The ANOVA test applies when the independent variable is categorical, and the dependent variable is continuous and independent within groups. Independence means the observations are from a random sample, or from an experiment using random assignment. Each group's size should be less than 10% of its population size. The groups must also be independent of each other (non-paired, and non-repeated measures). Additionally, there are three assumptions related to the distribution of the dependent variable. If any assumption fails, either try the work-around or revert to the nonparametric Kruskal-Wallis test (Chapter \@ref(kw)).

1. **No outliers**. There should be no significant outliers in the groups. Outliers exert a large influence on the mean and variance. Test with a box plot or residuals vs predicted plot. Work-arounds are dropping the outliers or transforming the dependent variable.
2. **Normality**.  The dependent variable should be nearly normally distributed. ANOVA is robust to this condition, but it important with small sample sizes. Test with the Q-Q plots or the Shapiro-Wilk test for normality. Work-around is transforming the dependent variable.
3. **Equal Variances**. The group variances should be roughly equal. This condition is especially important with differing sample sizes. Test with a box plot, residuals vs predicted plot, rule of thumb (see case study in Chapter \@ref(groupdiffscs3)), or one of the formal [homogeneity of variance](http://www.cookbook-r.com/Statistical_analysis/Homogeneity_of_variance/) tests such as Bartlett and Levene (be careful here because the formal tests can be overly sensitive, esp. Bartlett). Work-around is the Games-Howell post hoc test instead of the Tukey post hoc test.

**Post Hoc Tests**

If the ANOVA procedure rejects the null hypothesis, use a post hoc procedure to determine which groups differ. The Tukey test is the most common. The test compares the differences in means to Tukey's $w$, $w = q_\alpha(p, df_{Err}) \cdot s_\bar{Y}$ where $q_\alpha(p, df_{Err})$ is a lookup table value, and $s_\bar{Y} = \sqrt{MSE/r}$ and $r$ is the number of comparisons. Any difference in group means greater than Tukey's $w$ is statistically significant. The Tukey test is only valid with equal sample sizes. Otherwise, the Tukey–Cramer method calculates the standard deviation for each pairwise comparison separately.

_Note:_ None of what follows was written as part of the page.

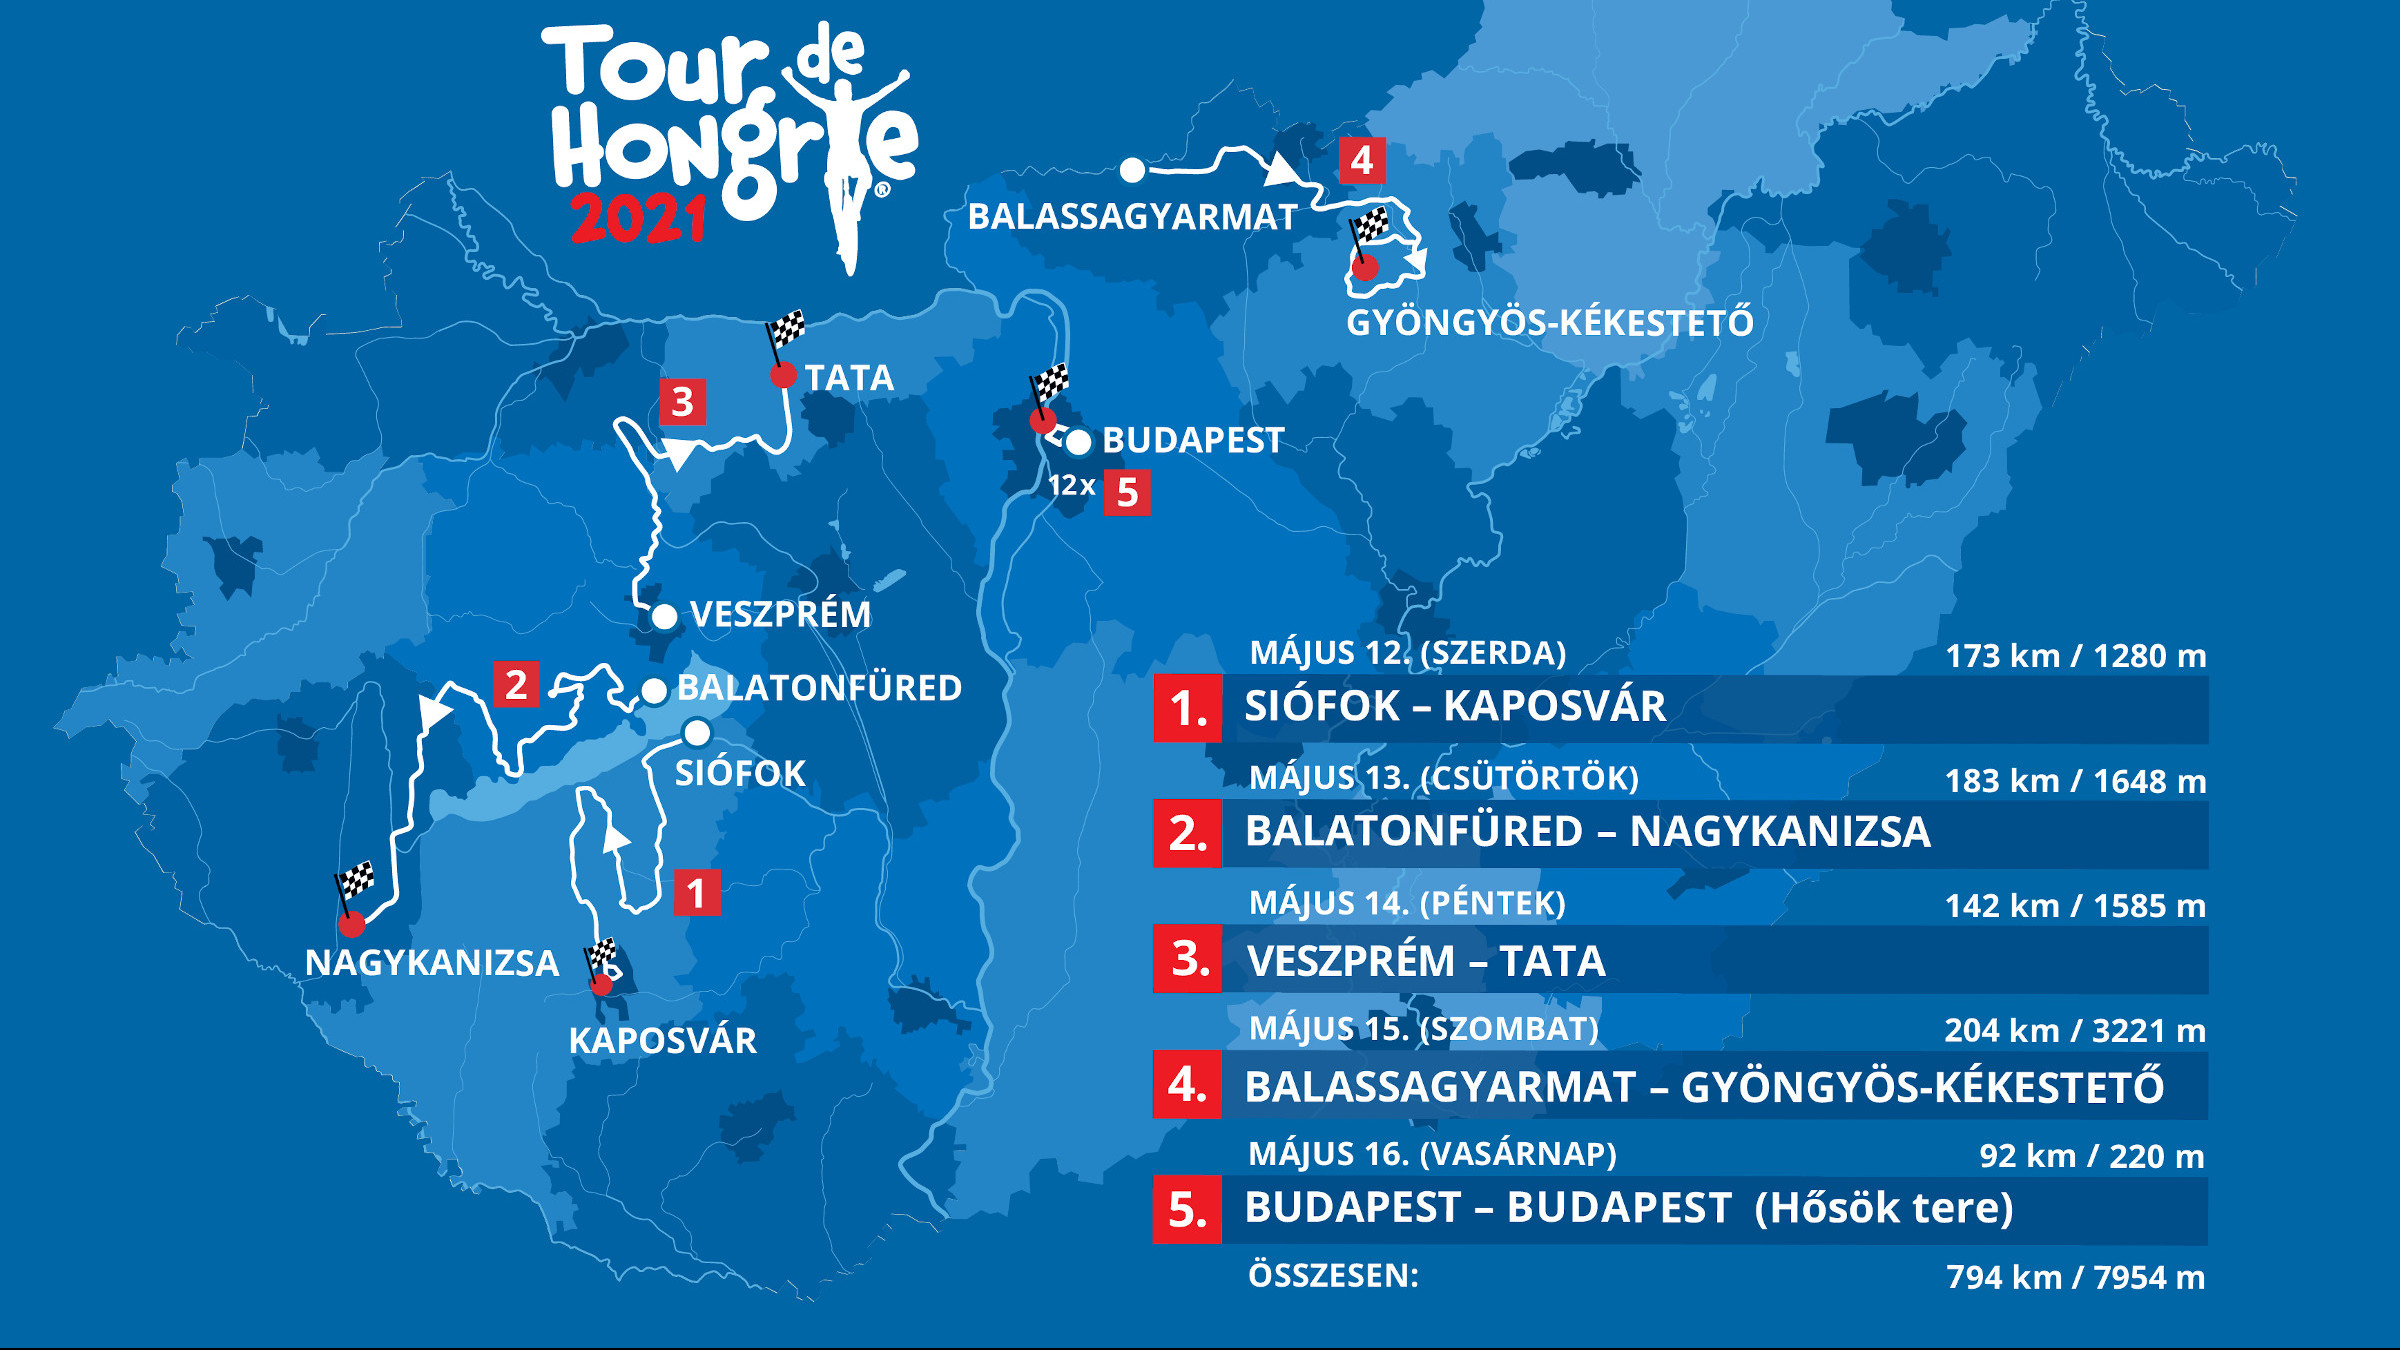 Bemutatták a Tour de Hongrie idei útvonalát

There are other post hoc tests. **Fisher’s Protected Least Significant Difference** (LSD) test is an older approach and less commonly used today. The **Bonferroni** and **Scheffe** methods are used for general tests of contrasts, including combinations of groups. The Bonferroni method is better when the number of contrasts is about the same as the number of factor levels. The Scheffe method is better for testing all possible contrasts. **Dunnett’s mean comparison** method is appropriate for comparisons of treatment levels against a control. 

**ANOVA and OLS**

ANOVA is related to linear regression. The regression model intercept is the overall mean and the coefficient estimators indirectly indicate the group means. The analysis of variance table in a regression model shows how much of the overall variance is explained by those coefficient estimators. It's the same thing.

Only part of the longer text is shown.